# Directions for this task
Copy the data exactly; pictures stay out of the copy.

# Given material
= Beginning of Section =

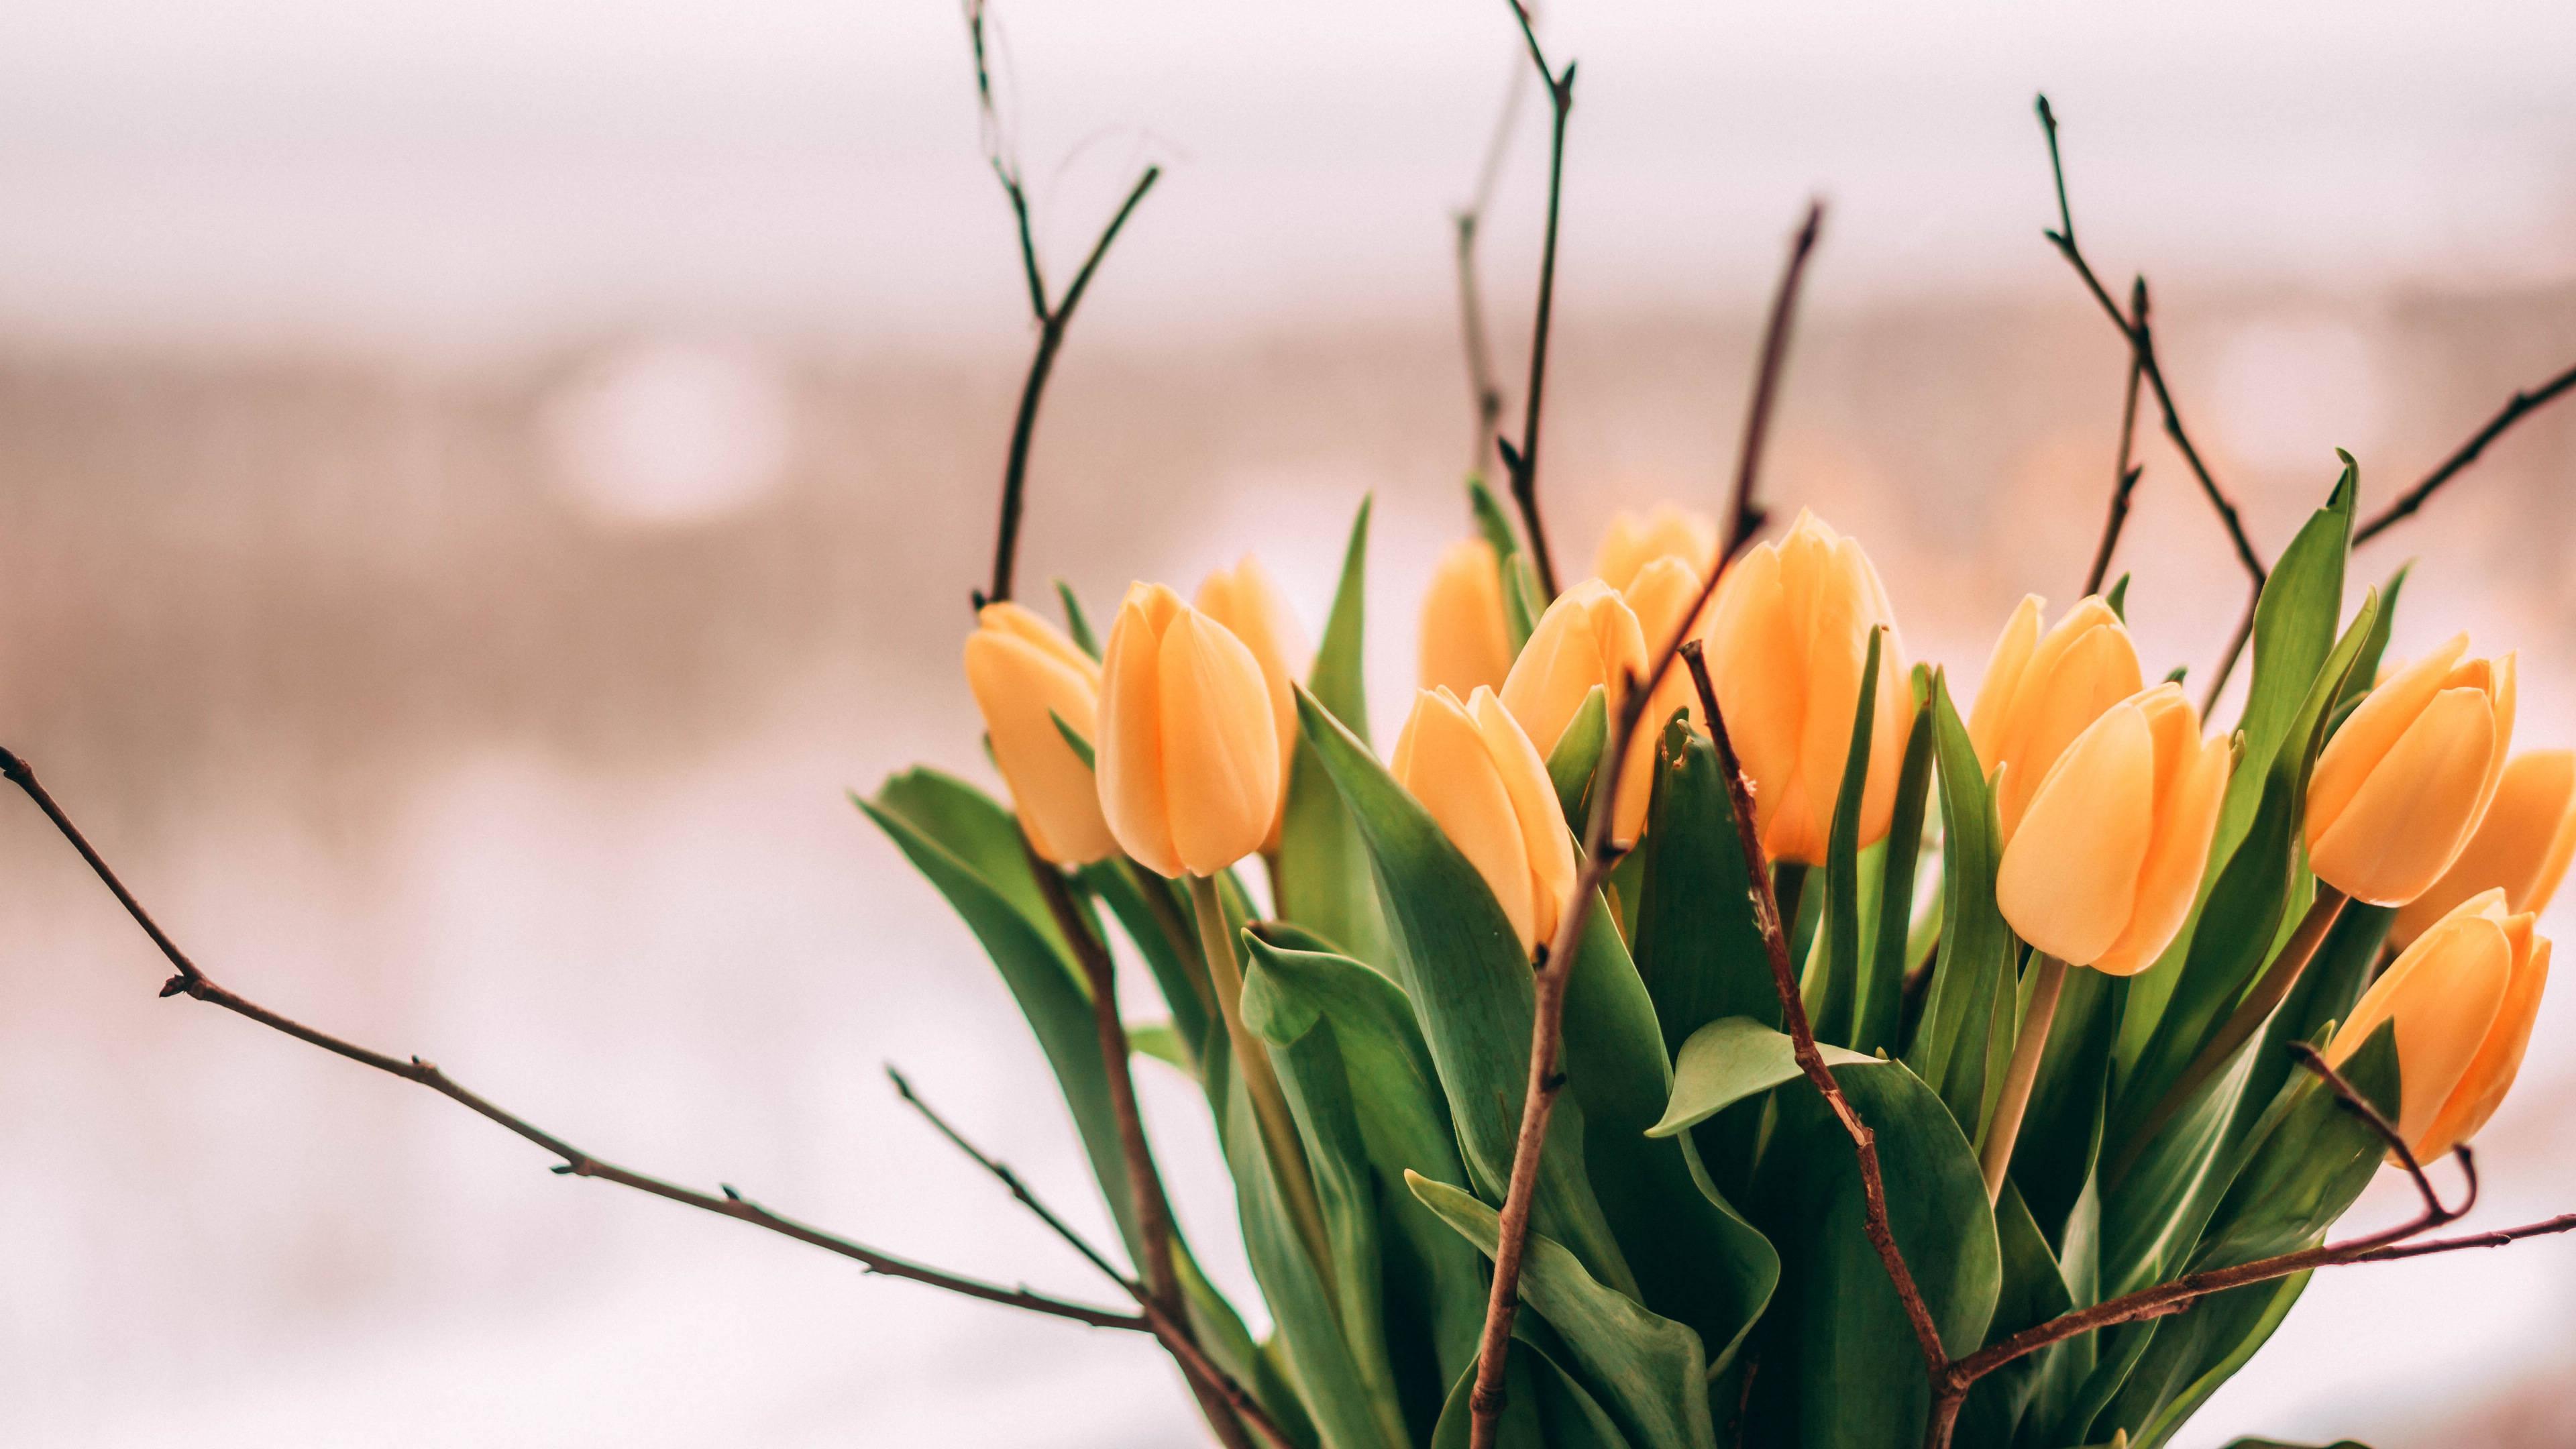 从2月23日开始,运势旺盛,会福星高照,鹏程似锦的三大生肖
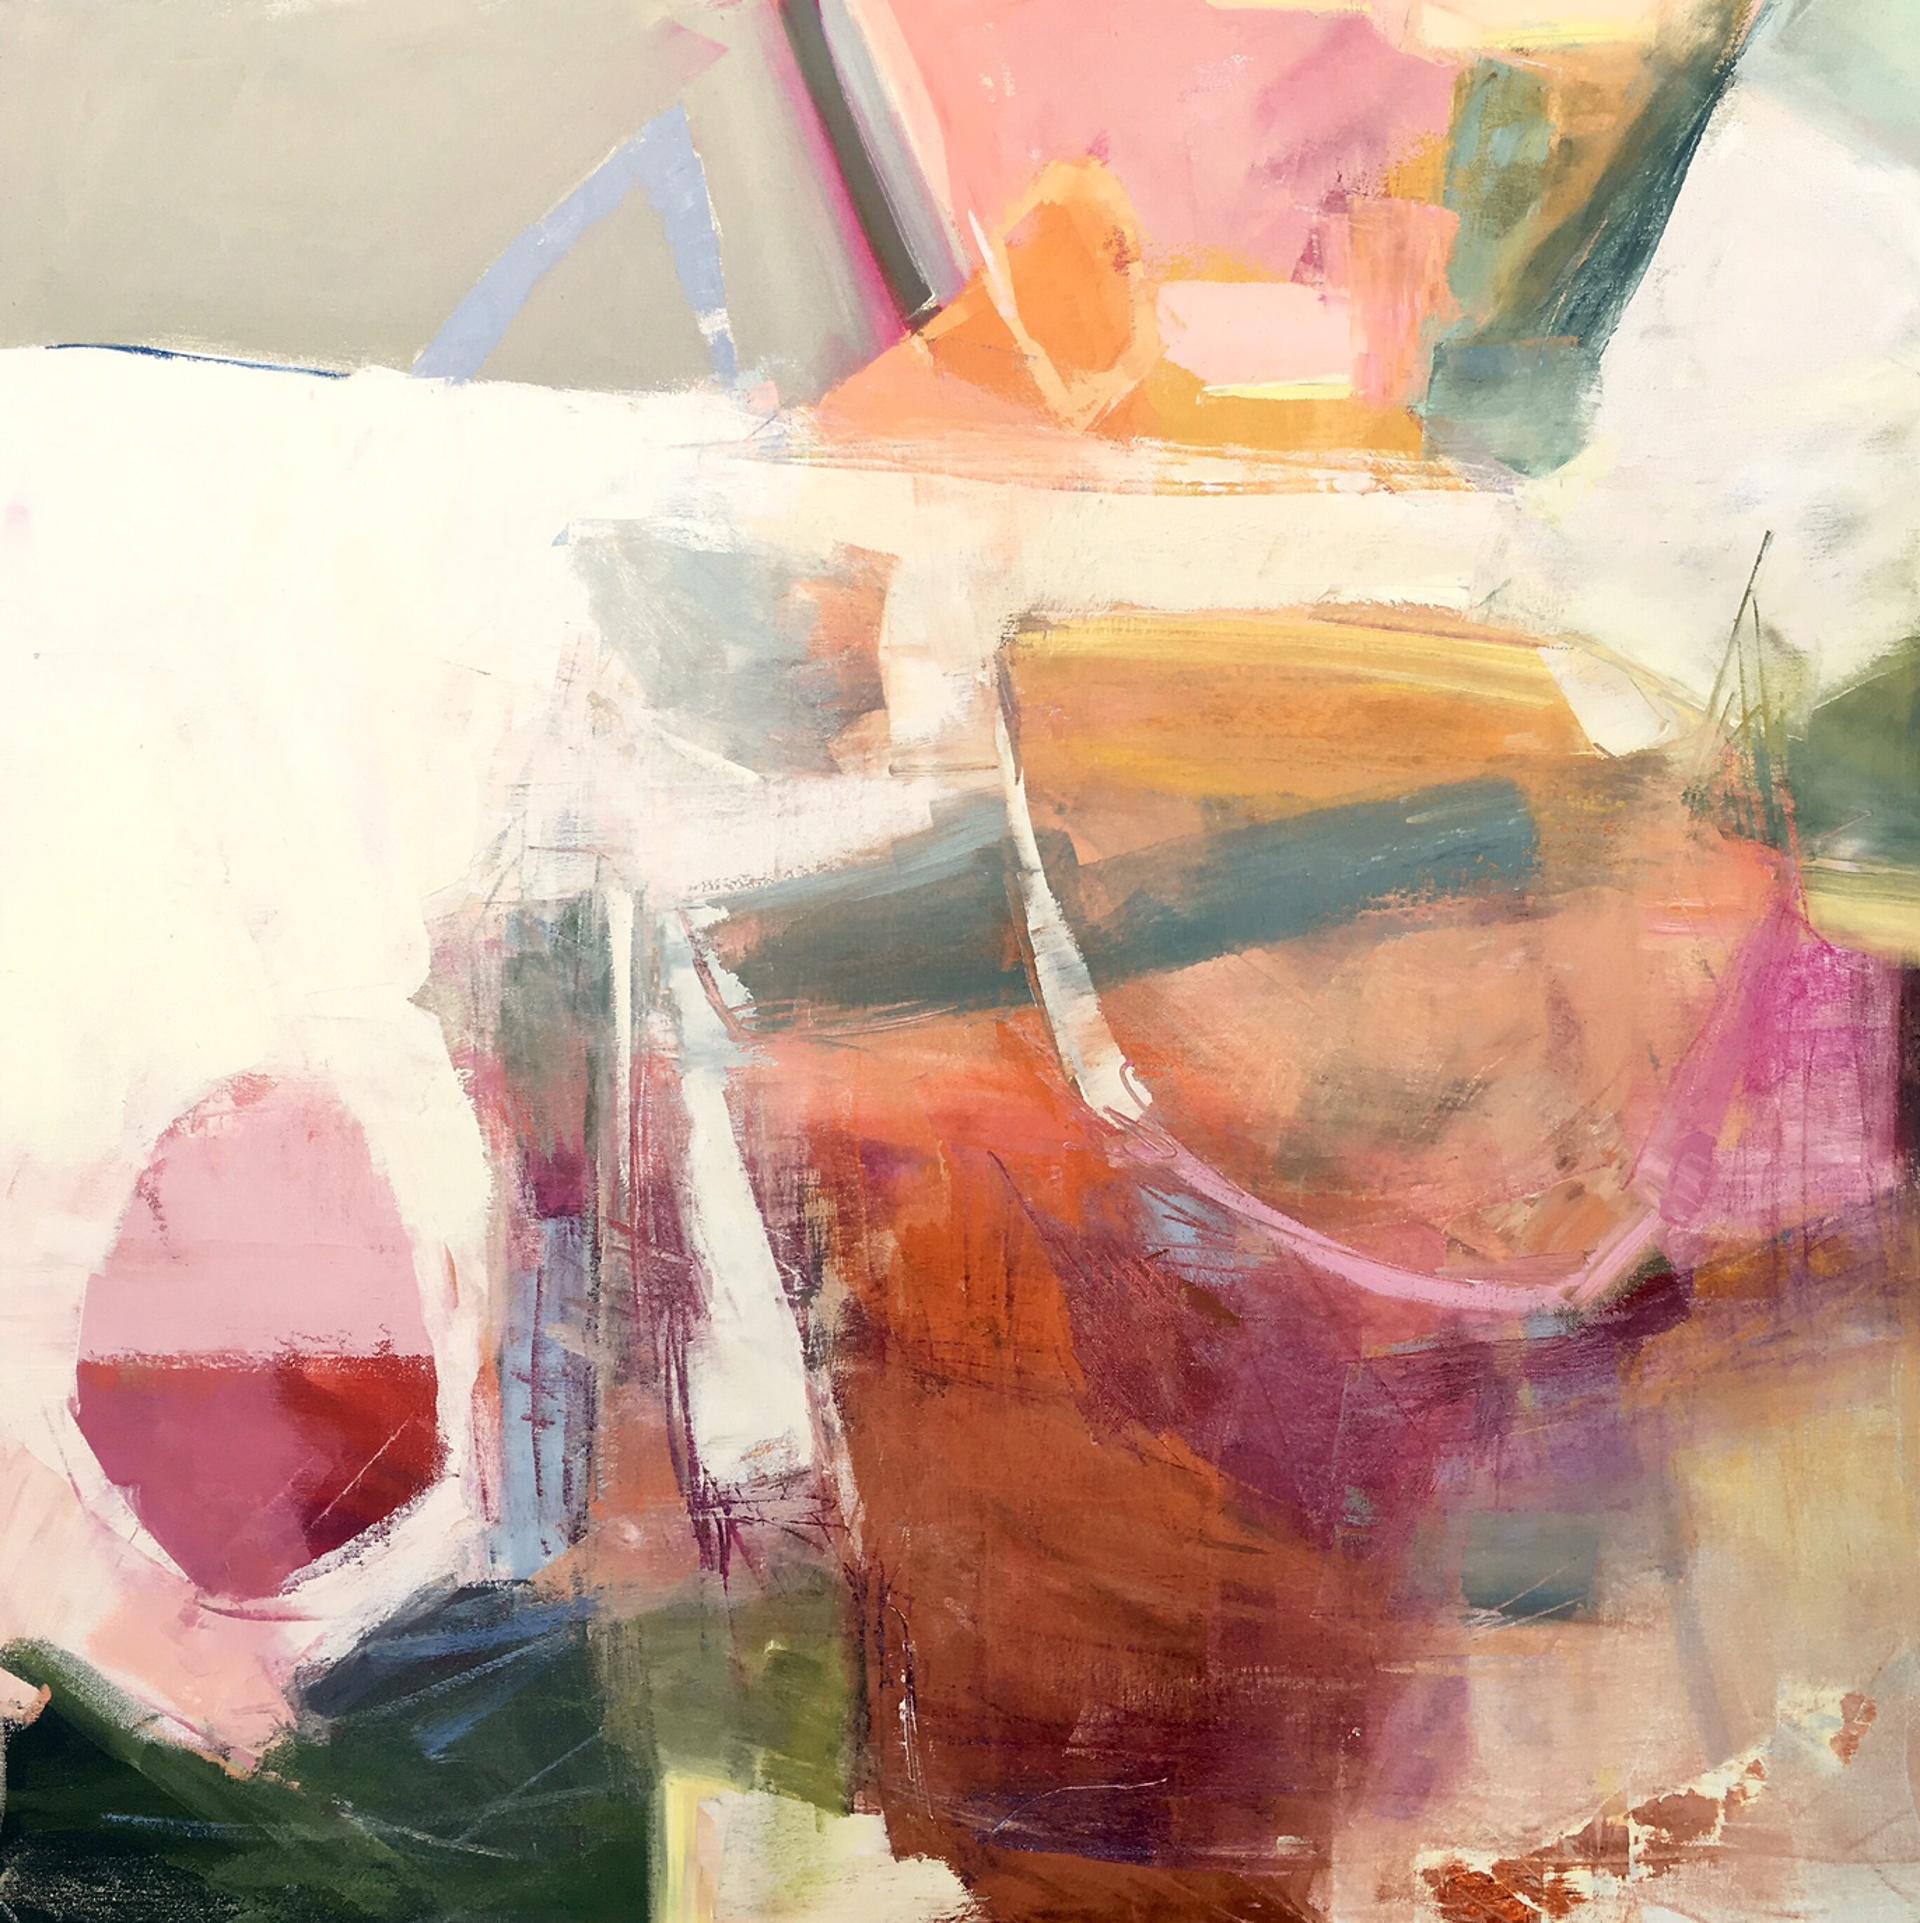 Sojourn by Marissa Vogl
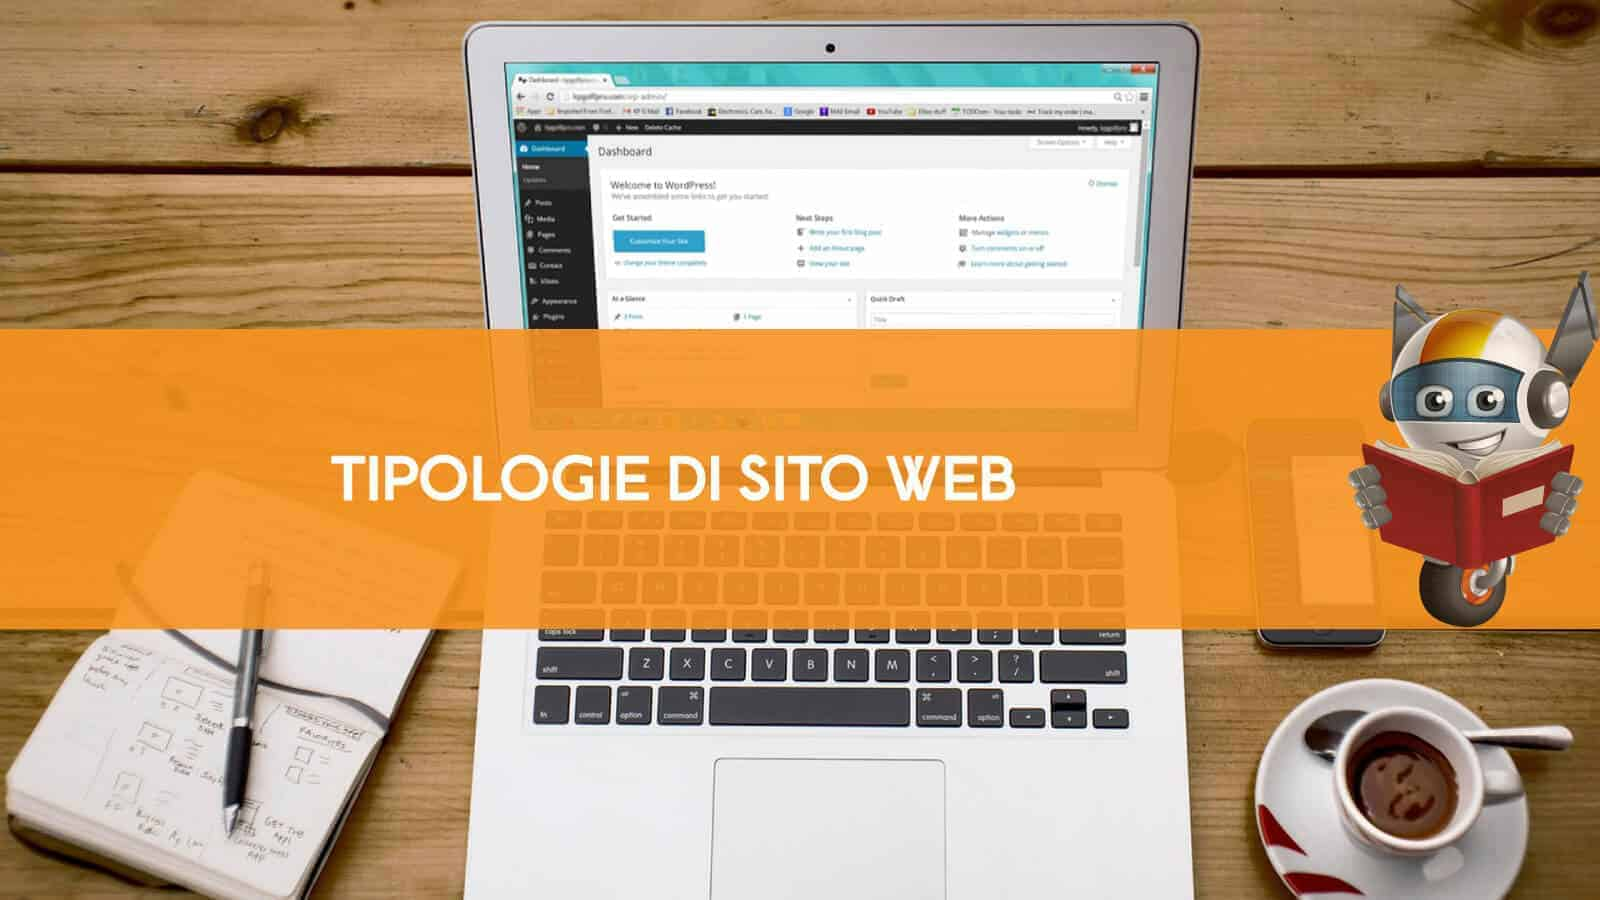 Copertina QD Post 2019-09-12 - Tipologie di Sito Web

= End of Section =

# Output for this exercise
 从2月23日开始,运势旺盛,会福星高照,鹏程似锦的三大生肖
 Sojourn by Marissa Vogl
 Copertina QD Post 2019-09-12 - Tipologie di Sito Web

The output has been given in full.